Years ago, when my babies were small and Russ and had only a nickel to rub together, our doorbell rang at 5 in the morning. I ran to see who it was. I recognized that it was a Russian woman who lived in our neighborhood. She spoke little English and walked past our house daily to catch the bus to work every morning. My kids and I would see her everyday, mid-afternoon, on her way back home. “How are you doing today?”, I would ask. “I alright. I alright.”  I loved her little accent but it was her smiling eyes that always warmed my heart.

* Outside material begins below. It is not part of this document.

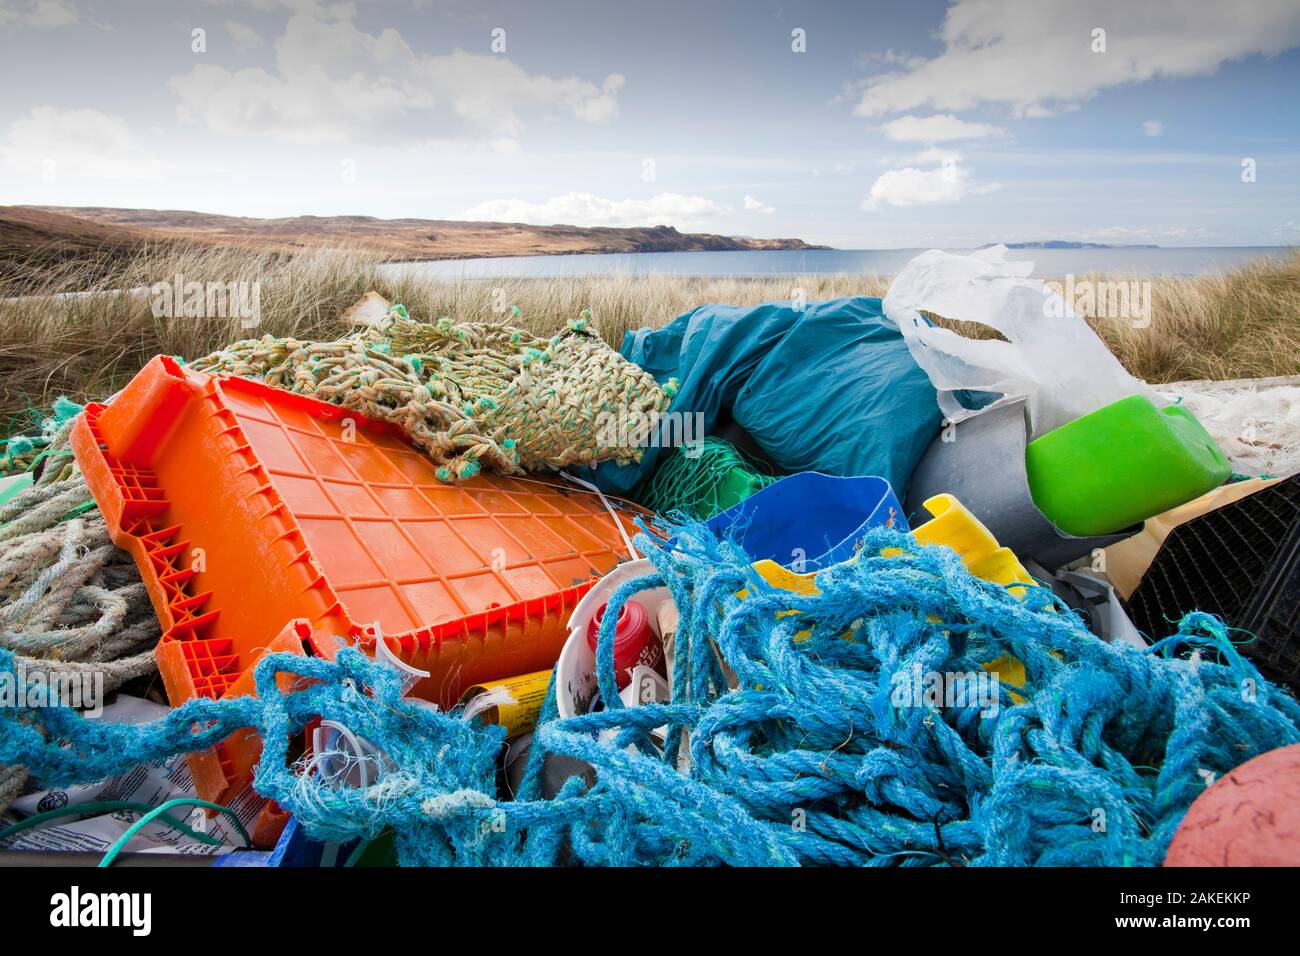 Plastic rubbish washed ashore from the sea in Glen Brittle, Isle of skye, Scotland, UK. May 2012 Stock Photo

When I peeked out my door at the wee hours of that morning, I could see that our sweet neighbor was distraught. The health professional in me, asked her , “Are you short of breath? Diabetic? Having chest pain? Should I call an ambulance?  She admitted to chest pain and the need to call for help. The ambulance arrived and off she went. About 2 weeks after this event, the doorbell rang. It was the Russian woman and her daughter. She brought me some of her gorgeous garden tomatoes and…cash, one hundred dollars. I adamantly insisted that I would not take the money…but,  I learned quickly, that apparently, I had NO chance of winning the argument. In all honesty, at that time, one hundred dollars felt like a million to Russ and I. It meant groceries for the kids. A gift. Karma.

What you put out to the universe, comes back. We all can be helpers. And, we all will need helpers sometime in our life. It is easy to get caught up in our own lives, but keep an eye out for those that need you. They are there…all around us. Every day.